Для позднего Ницше такими проблемами были проблема воли-к-власти, или как переводит Перцев воли-к-мощи, и проблема «вечного возвращения одного и того же». Именно в тот момент, когда на озере Сильваплана Ницше увидел огромный камень и впервые подумал о том, что каждое мгновение будет вечно повторяться, его биография перестала определять его мышление, а наоборот, эта мысль стала всецело определять его биографию. Какая тяжесть, на самом деле, жить, ежесекундно думая и задавая себе простой вопрос: «А достойно ли то мгновение, которое я сейчас проживаю, того, чтобы бесконечное количество раз повторяться в вечности?» Для философа естественно, что ни одно мгновение, принадлежащее вульгарным радостям жизни, а тем более, страданиям, повторения в вечности не достойно. Достойны повторяться лишь те мгновения, в которые мыслитель занимается самым великим и возвышающим, то есть, мыслит. Пользуясь этой мыслью о «вечном возвращении» как главной этической максимой, как критерием оценки всей своей жизни в текущем режиме, Ницше не мог сделать ничего иного, как загнать себя в постоянное мышление, которое, в итоге, и закончилось несколькими зрелыми и по-настоящему великими книгами, последняя из которых «Воля к власти» собиралась уже из кусков, а потом безумием.

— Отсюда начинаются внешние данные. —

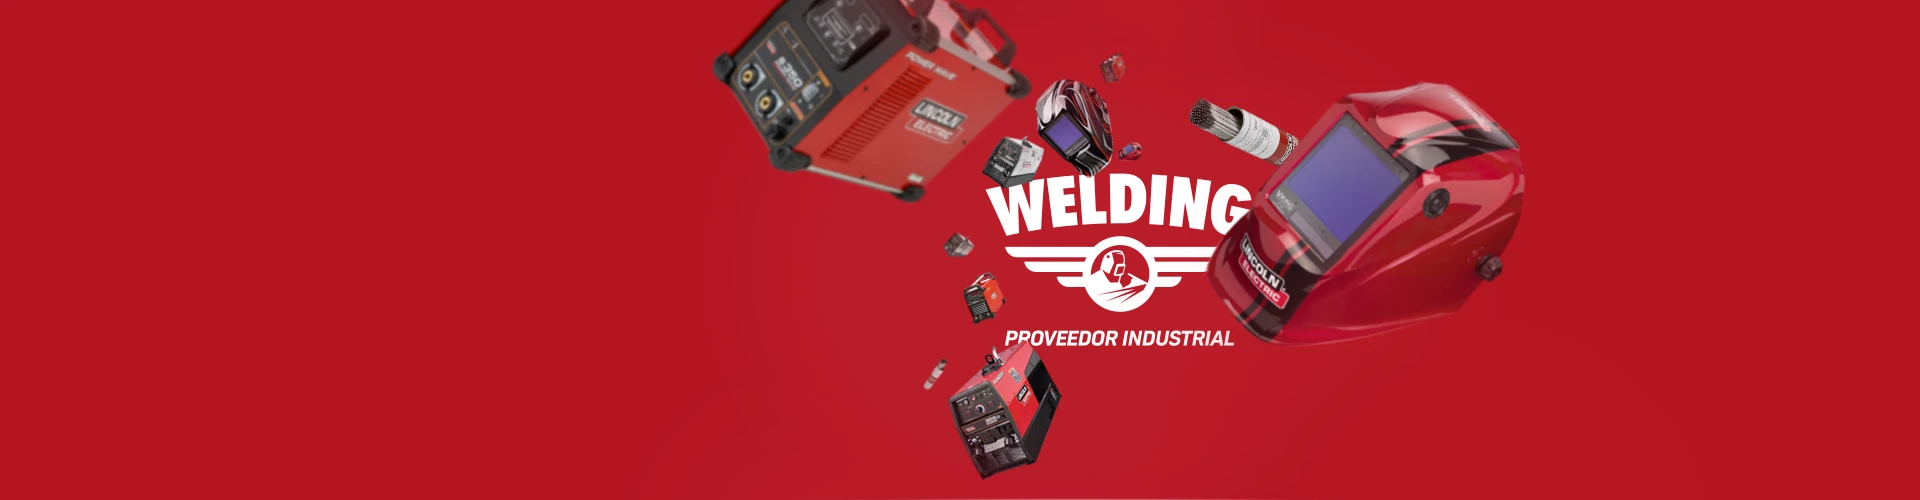 Portada del proyecto de Diseño de Identidad Corporativa y Branding: Welding, proveedor de insumos industriales de soldadura.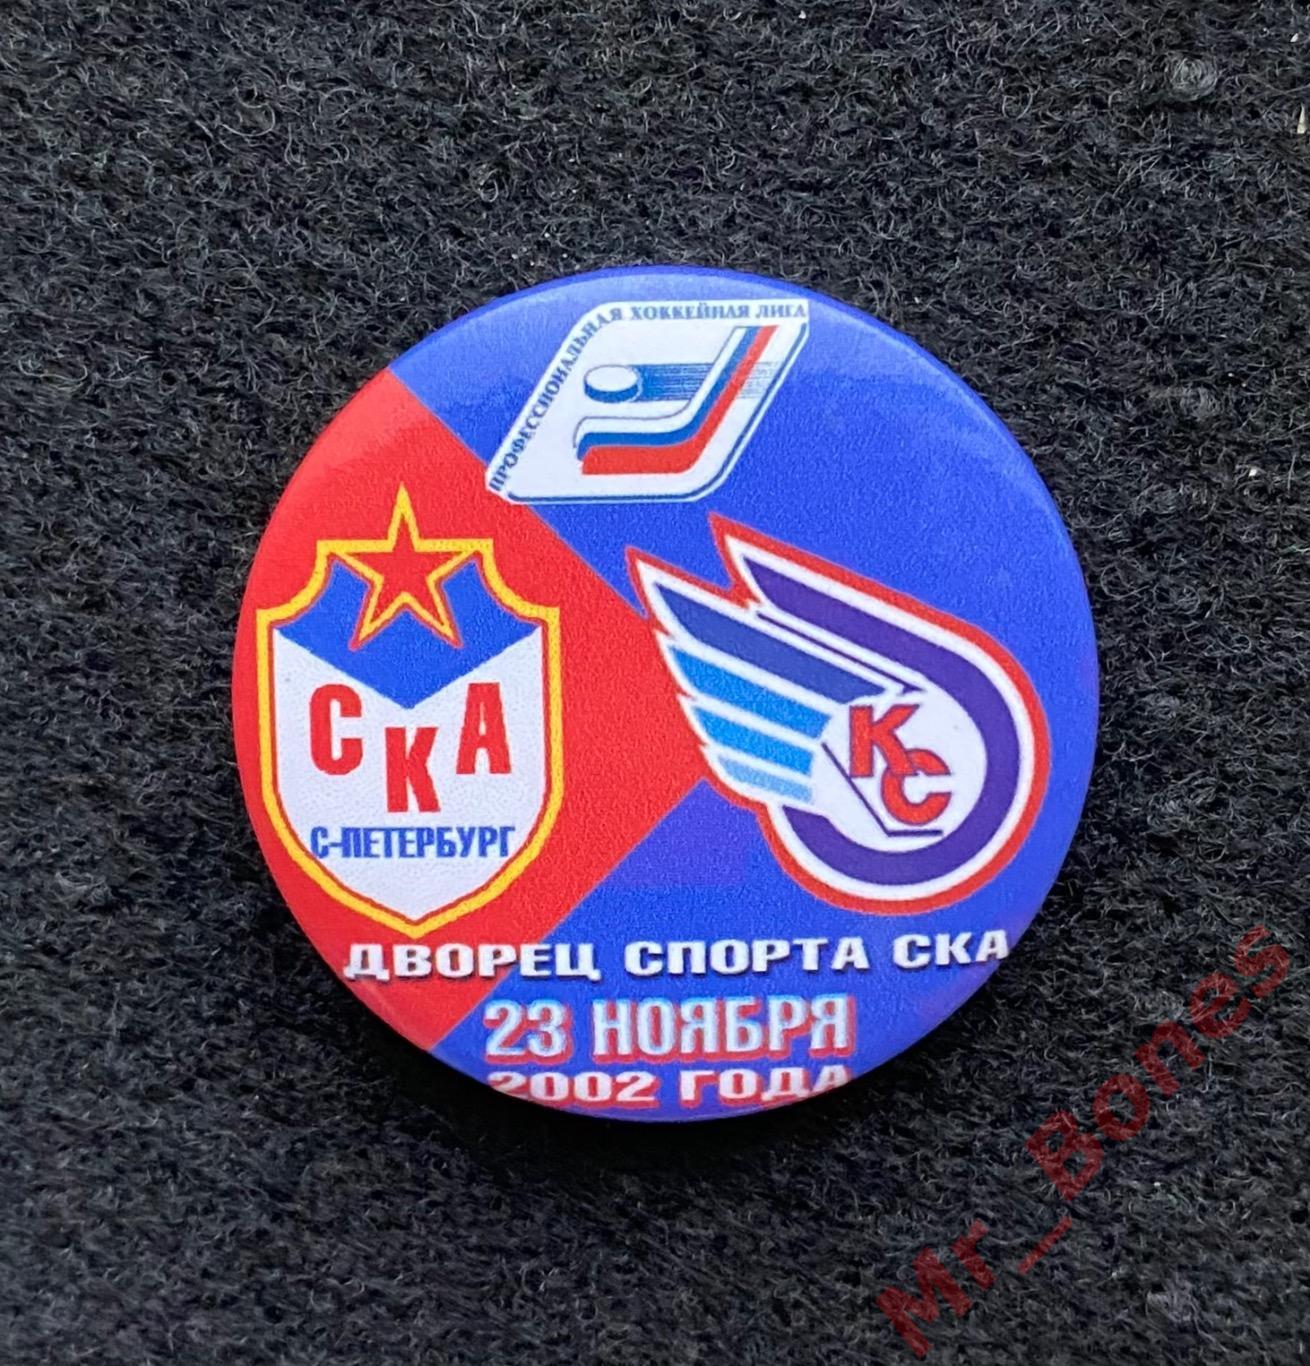 СКА - Крылья советов, сезон 2002/2003

Об этом, позднем Ницше, его мышлении и его глубинной связи со всей философской проблематикой Запада от Фалеса и Гераклита через Платона к Декарту, Лейбницу и Канту лучше прочесть в двухтомнике Мартина Хайдеггера, который так и называется «Ницше», и который издан в том же издательстве и в той же серии, что и книга Александра Перцева, только в 2007 году. Хайдеггер ничего нам не говорит о биографии Ницше, что, однако, не делает его исследование менее строгим, чем биографическое исследование молодого Ницше у А. Перцева. Просто философскую строгость у Хайдеггера обеспечивают другие, небиографические корреляты. Каждое из этих исследований Ницше дополняет друг друга (у Перцева Ницше молодой, у Хайдеггера – зрелый) и каждое по-своему противостоит постмодернистской манере деконструкций, вольных интерпретаций, джазовых импровизаций, а также прочих вариаций, приватизаций, и инсталляций при работе с текстами великих философов.